2009 Mitsubishi Lancer Ralliart

2009 Mitsubishi Lancer Ralliart 2009 Mitsubishi Lancer Ralliart
Short Take Road Test

Mitsubishi knows the name Ralliart isn’t spoken with much reverence among American gasoline punks. That should change. Mitsubishi has watched Subaru ring up healthy sales with the mid-grade WRX, which neatly slots between the 87-octane Impreza and the high-test STI.

Now the Lancer Ralliart is being sent in to bridge the same wide chasm separating the $18,915, 168-hp Lancer GTS from the $33,615, 291-hp Evolution GSR. This time it’s not just a paint-and-trim poseur. Lancer Ralliart retail prices should start at $27,000, which buys a 237-hp turbo 2.0-liter, all-wheel drive, and a twin-clutch automated manual six-speed, the only transmission available.

It trucks to 60 mph in a spirited 5.5 seconds, quicker by 0.3 than our last WRX wagon.

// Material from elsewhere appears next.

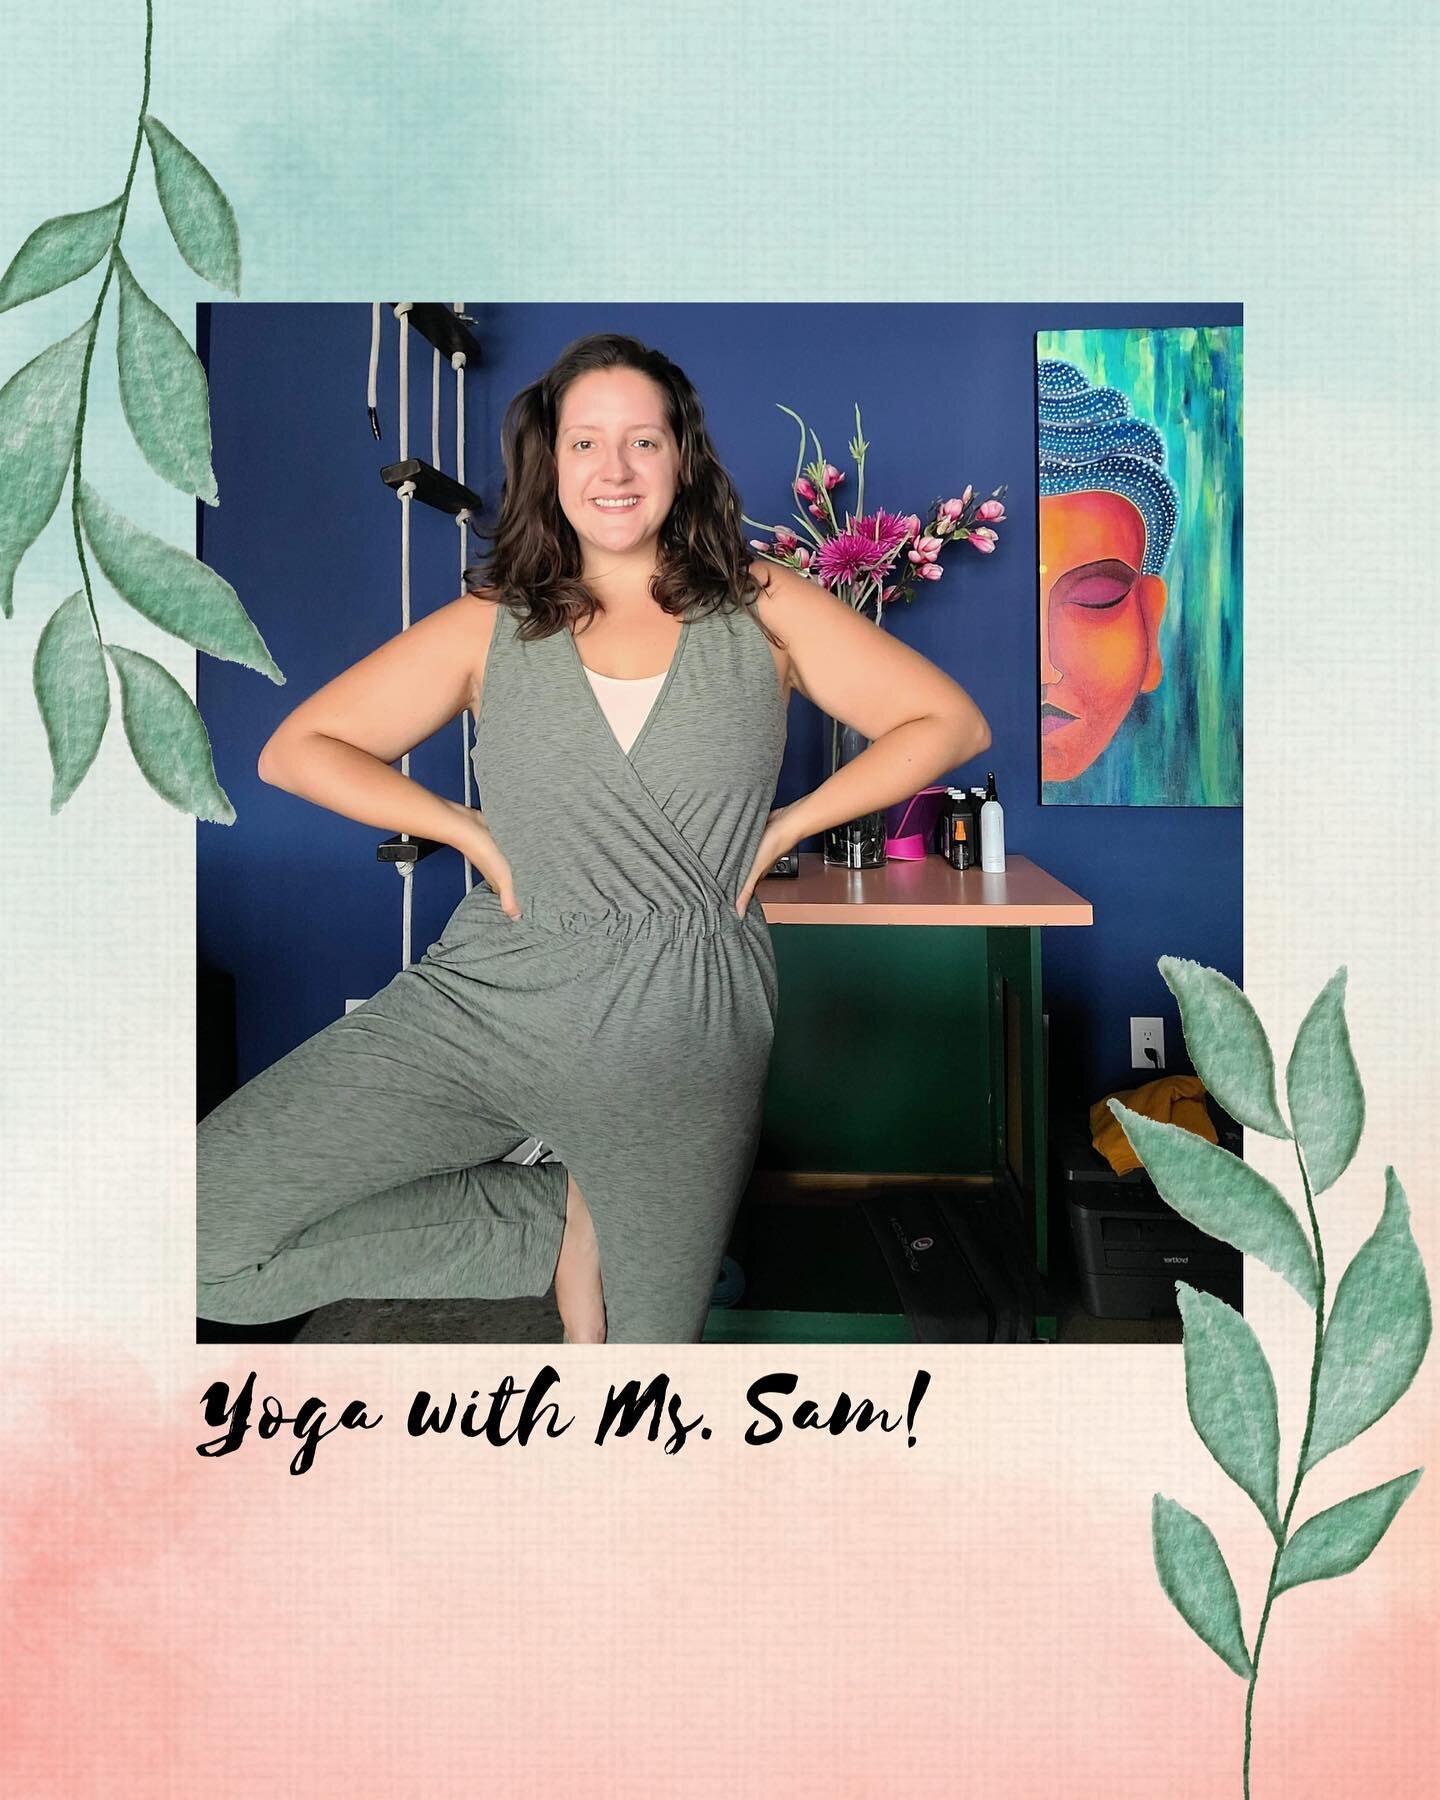 We&rsquo;re so excited to announce that Starting July 26th, Ms. Sam will be coming to Sunflower to do yoga with the kids! 🌻

The Ralliart also carves a road pleasantly with well-weighted steering, stout brakes, and a paddle-shifted transmission with quick, snag-free gear changes. The Ralliart’s main limitations are body roll, a trade-off for tolerable ride, and overwhelmed 215/45 Yokohama rubber mounted on 18-inch rims. They squeal early and often, and the grip too quickly melts into understeer. Note the unspectacular 0.80-g skidpad performance and 184-foot stopping distance.

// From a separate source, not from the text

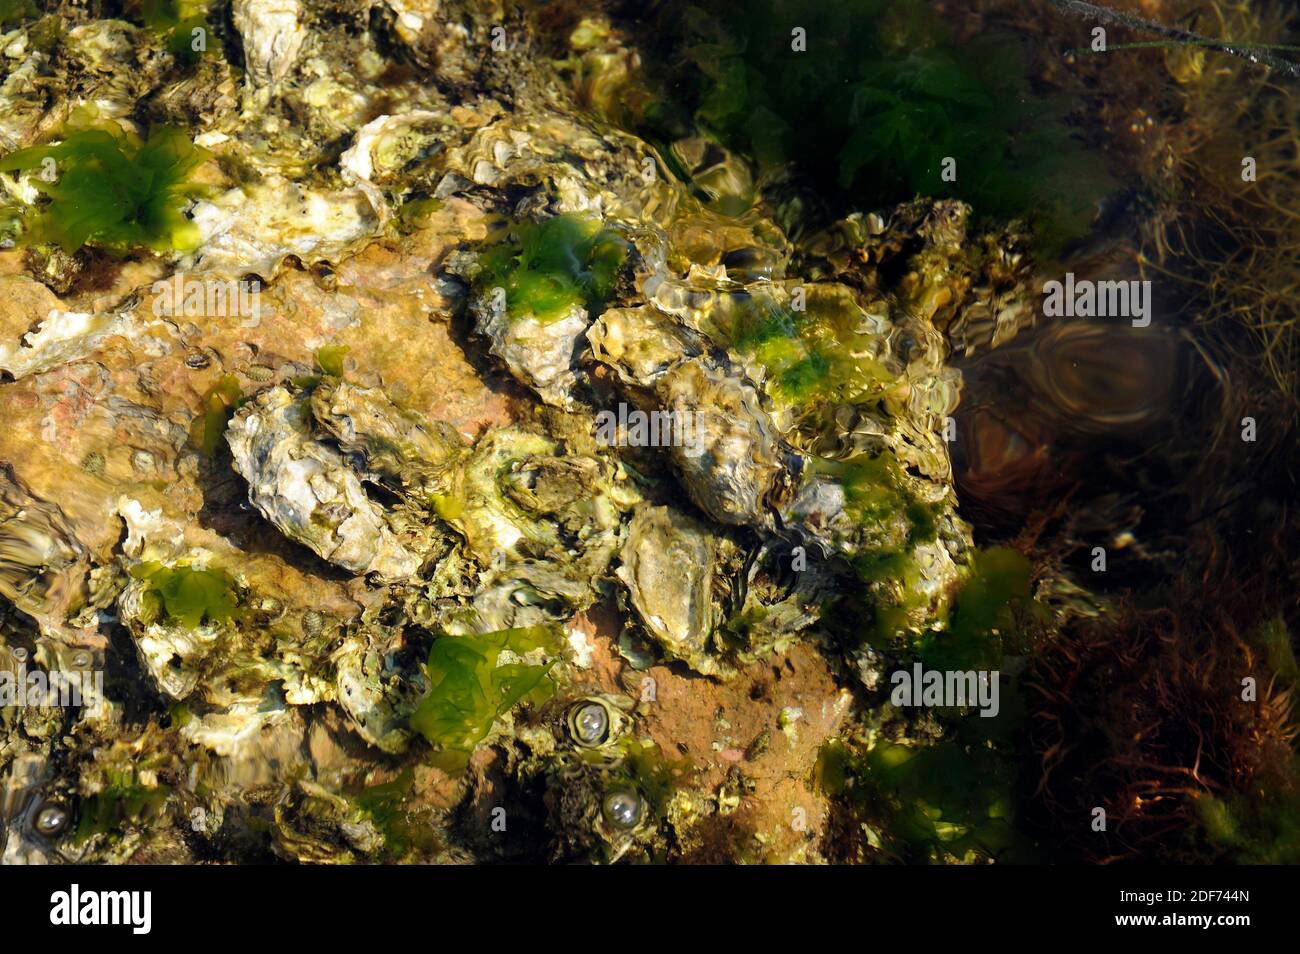 Japanese oyster or Pacific oyster (Crassostrea gigas or Magallana gigas). Thau, France. Stock Photo

Is the Ralliart a cut-price Evo? Actually, it’s more of a Lancer in lipstick. Instead of forged aluminum arms, the Ralliart has an all-steel suspension, same as the Lancer’s, though with Ralliart-tuned shocks. The Ralliart also lacks the bulging fenders that make the Evolution a wide-body special. There’s no stiffening X-brace behind the rear seats—as there is in the Evo—so the Ralliart’s rear seats split 60/40 and fold, as they do in the Lancer.

The “4B11” turbo 2.0-liter four has a smaller single-scroll turbo compared with the Evo’s twin-scroll windmill, and the all-wheel-drive system is simpler. Instead of the computer controlled “Super All-Wheel Control” on the Evo, which includes the “Active Yaw Control” rear differential, the Ralliart has “All Wheel Control,” a hand-me-down from the 2005–07 Evolution IX with a computer-operated center clutch pack and mechanical limited-slip differentials front and rear.

With the WRX, you get options: sedan or wagon, manual or auto. In the Ralliart, you just get one pretty good car.